My partner used to believe that cul de sacs were full of dead hens. This was because her mother who had a strong Yorkshire accents and had told her they were dead 'ens!
i used to think that if you went to high on a swingset and went all the way around the beam you'd turn inside out.
There is a huge factory (which I now know is owned by Sunoco) next to the highway. Whenever we would drive by my mom would tell us that's where Batman lived. For years I thought Batman really lived there. Weird thing is, in all the movies he lives in a HUGE house, yet I still believed he lived in a huge pipe filled factory that shot out fire.
When I was three, my mom told me that if I stepped on the blue paint in handicapped parking spots while it was raining, I'd slip and fall. But the yellow was okay. To this day (I'm 15), I still avoid the blue lines by habit!

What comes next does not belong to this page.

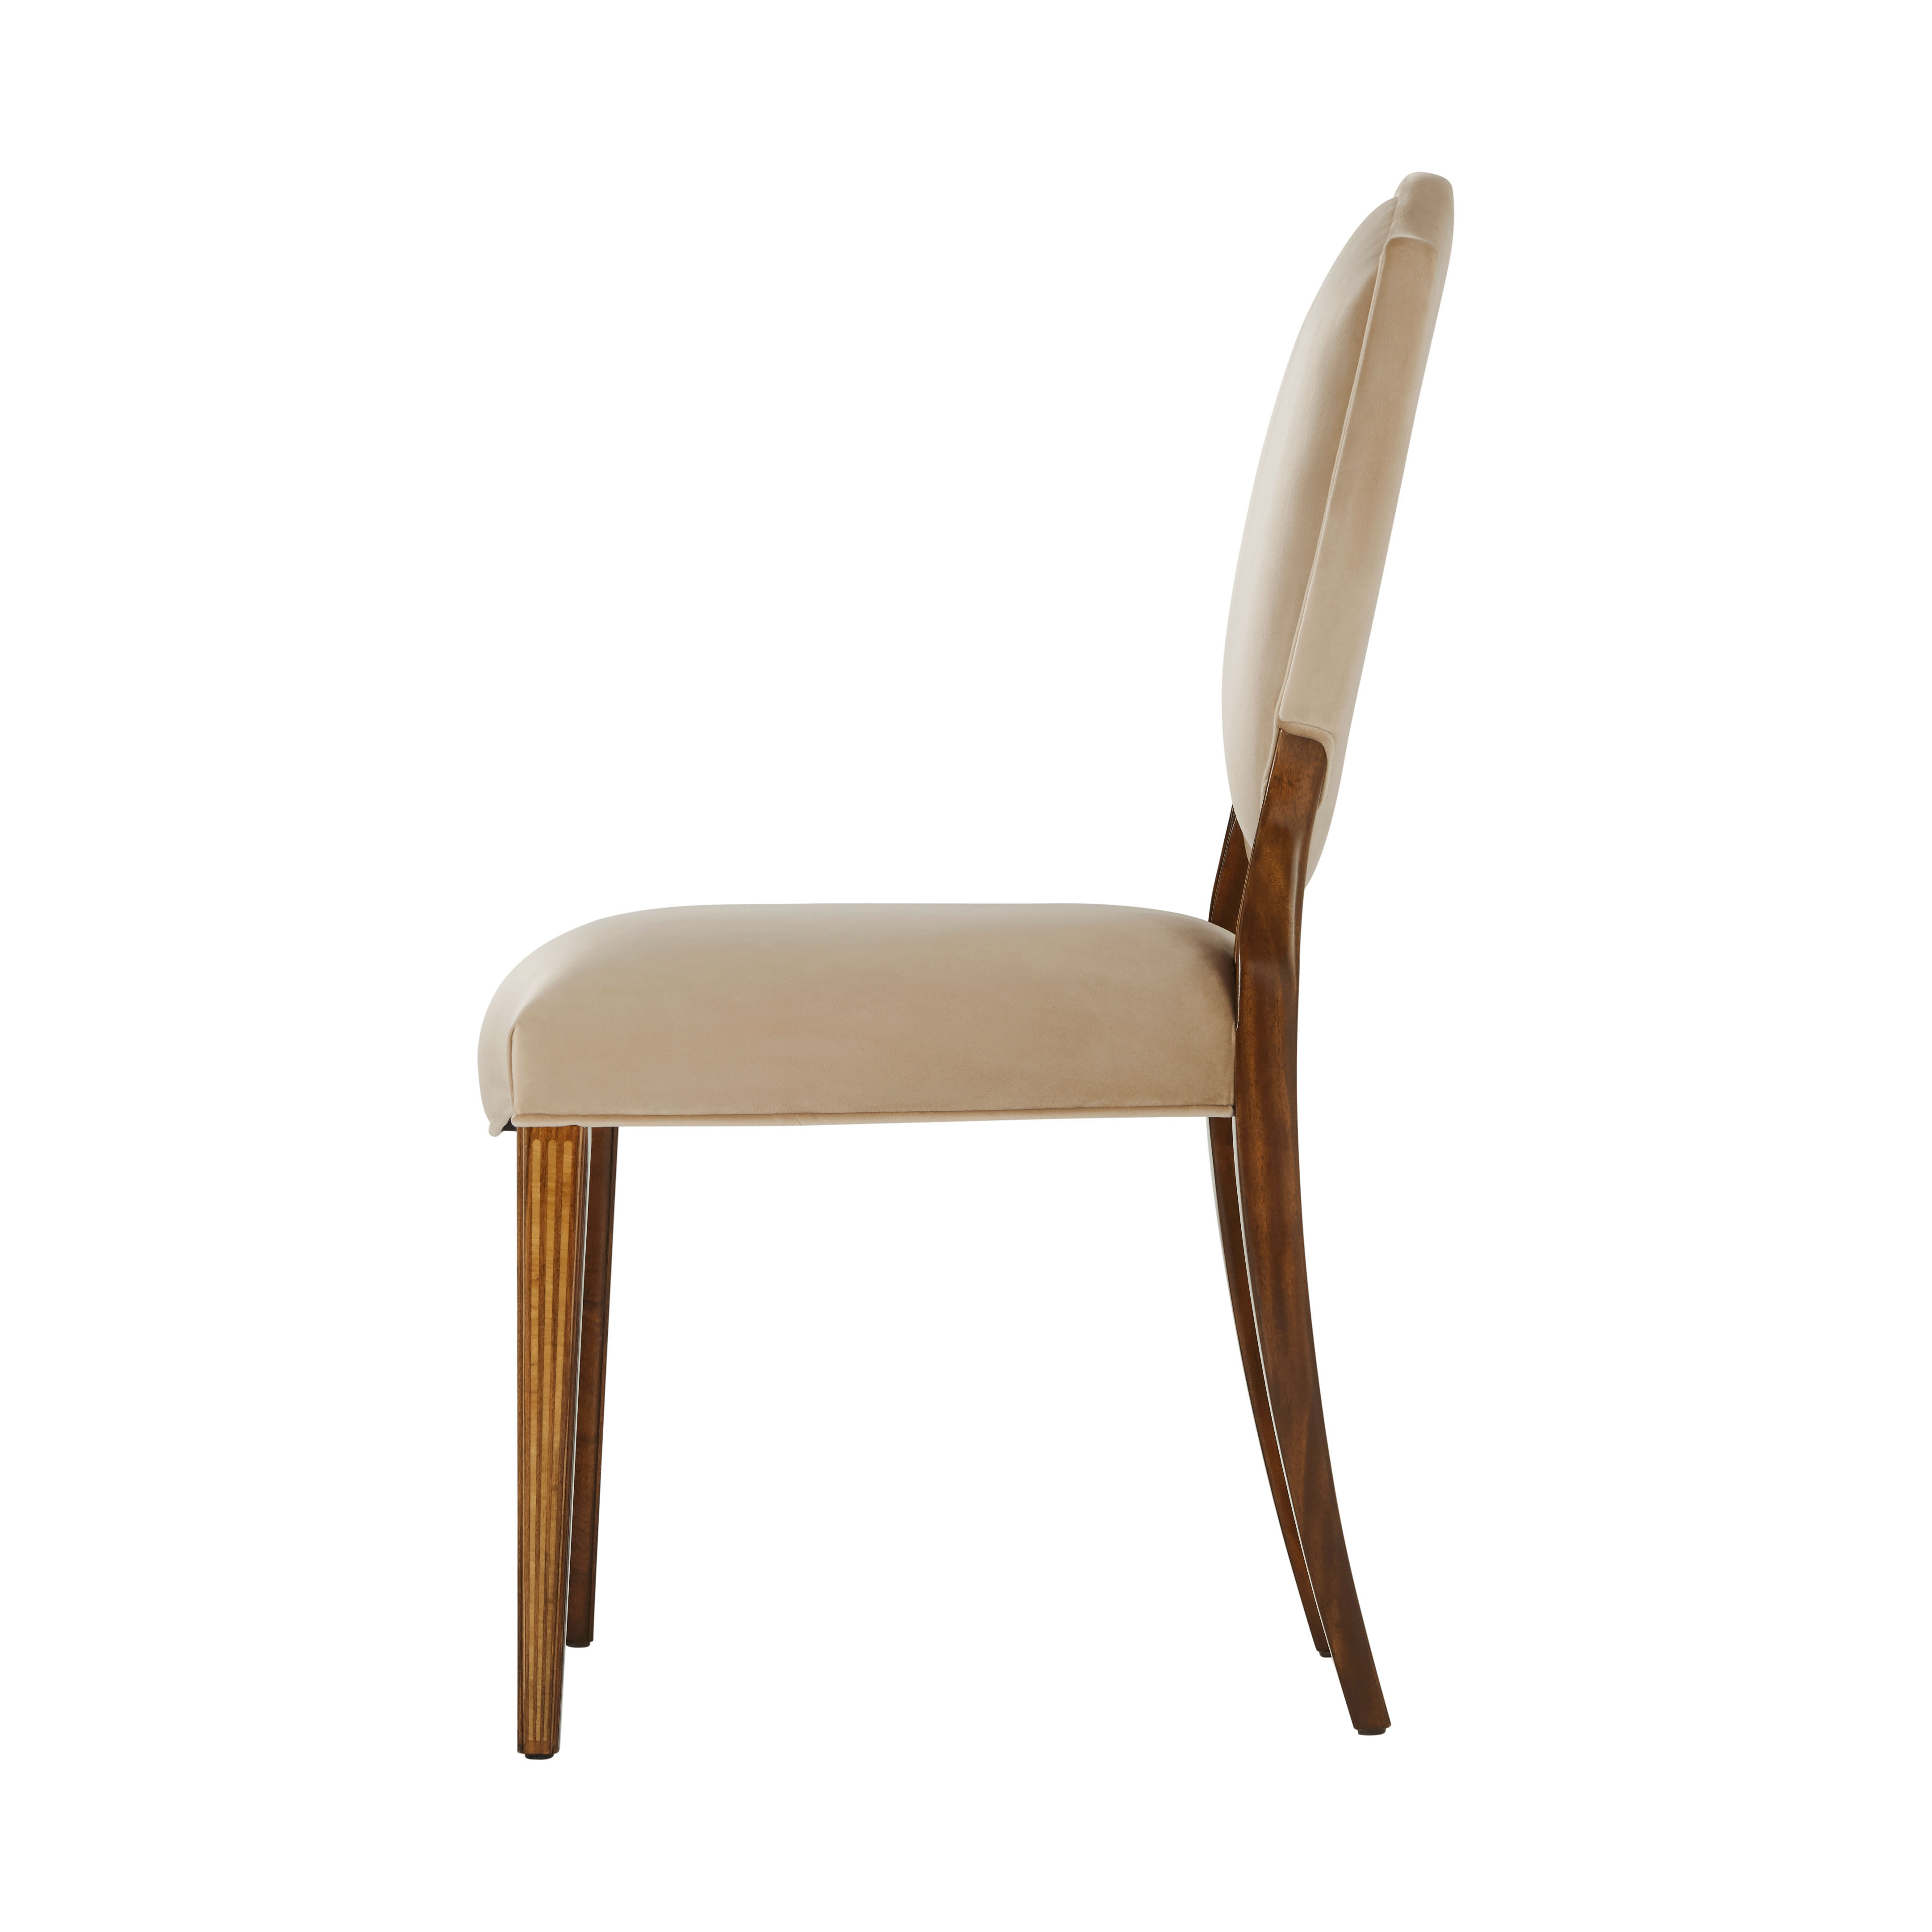 THE HOLBORN DINING SIDE CHAIR
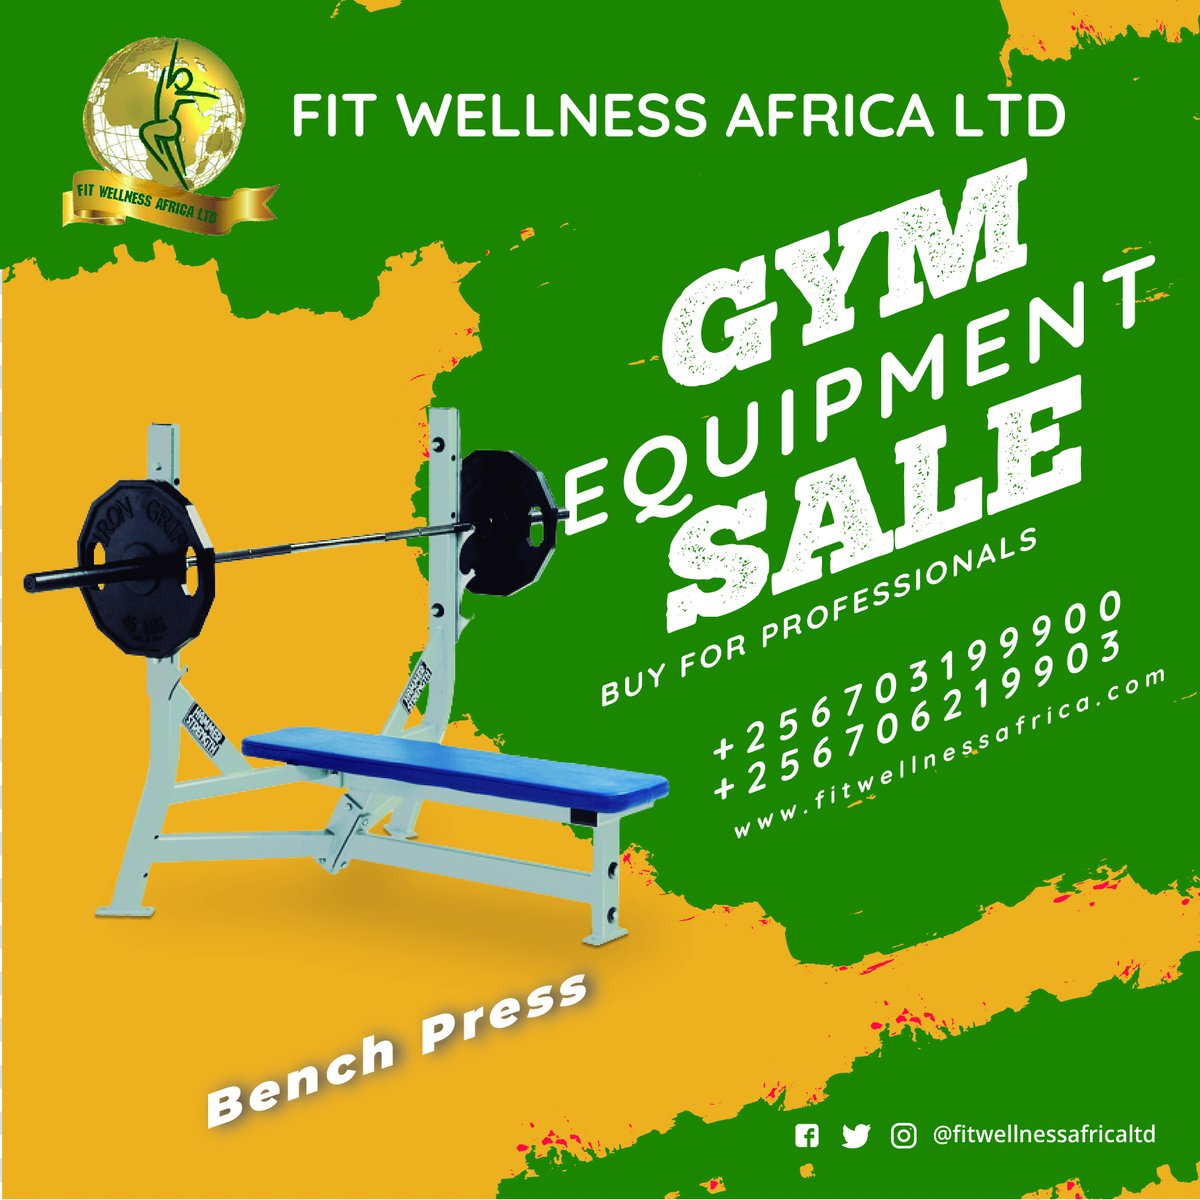 Buy Gym Equipment Setup #personaltrainer #gymequipments #gymtime #gymequipmentsupplier #homegymsetup #strength #india #getfit #functionaltraining #fitnessstudio #gymlifestyle #instafit #treadmill #fitnessmodel #health #gymlover #gymworkout #gymaddict #sportswear #workoutequipment

My neighbors across the street own horses, and when I was small I thought the horses were the people who lived in the house, since I never saw the human owners. And I thought that the horses would learn to talk every new years' eve, because then they would throw loud parties where everyone yelled.
In Canada we have signs that read:
Max Clearance - 6'10" (or with other various measurements for truck heights on them) and I used to believe that we had a really tall guy, named Max Clearance in our fair city of Halifax!!!
When I was little my dad told me to throw my gum in the street that way it would fill up the cracks and they (the city) wouldn't have to pave the roads as much. It wasn't until someone asked me why I always threw my gum in the street that I started doubting my dad (I was 28).
I used to think there was a big piece of elastic, with one end attached to my back and the other attached to the letterbox on our front door. This meant that if I walked round a lamppost I would get stretched and then have to quickly walk backwards around it again so that I didn't get tangled up.
We lived in Fort Davis, Panama, when I was 4 yrs old. Mom commented, probably to a visiting neighbour, that "it's so hot you can fry an egg on the sidewalk!"
... It didn't work.
When I was four, my dad told me the volleyball poles stuck in the beach were put there by walruses as part of a migratory ritual every August. I totally believed him. Jerk.
I used to believe there was a tribe of indians living behind a long wooden fence alongside the path I used to take to school. I had to hold my breath as I went past this fence or they would kill me. What a tribe of indians was doing in the middle of Cambridgeshire I really don't know.
I usd to believe that at restaurants that had a BYO sign out the front, you had to "bring your own" meal.
i thought the for sale sign buy owner things meant that u could also buy the owner
When I was a child, my mother told me that beehives grew in fire hydrants. She said this because she knew I was afraid of bees, and she didn't want me to climb and play on the fire hydrant in front of my grandfather's house.
Needless to say, I grew up afraid of fire hydrants. I would walk down the street, see a fire hydrant, and cross the street to avoid passing it.
I believed this until I was in high school. Then one day I asked myself, "Haaayyy..... did you actually ever SEE any fire hydrants with beehives in them???" Duuuhhh.......
When I confronted my mother and asked her why she lied to me, she had long forgotten the incident and had no idea what I was talking about!
I thought that the stripes of the zebra crossings was from a squashed zebra
When I saw signs stating "Lots for sale" I thought it meant that there was a lot for sale.
There was construction going on outside of our house one day when I was five or six, and I was curiously watching. There was a cement truck and I remember being very intruiged by it, until it started to move. The shoot (the long thing in which the cement flows out of the mixer) faced toward me and suddenly I went crying and screaming bloody murder out of the room. Horrified, my dad asked what was the matter and I dramatically replied "That truck stuck its tongue out at me!"
Apparently I use to believe that construction machinery had tongues.
You know those "Maximum Occupancy ###" signs in buildings? I used to believe that when a building reached it's maximum occupancy, if just one more person stepped inside, the whole building would collapse. For the longest time I would, to my great frustration, try to count the people in any building I went into.
I grew up in Los Angeles. Once, when I was about 4, I saw an opening ceremony for a new freeway on the news. For a while after that, I believed that the the freeway was closed every night, and that mayor came out every morning to cut the ribbon and open it.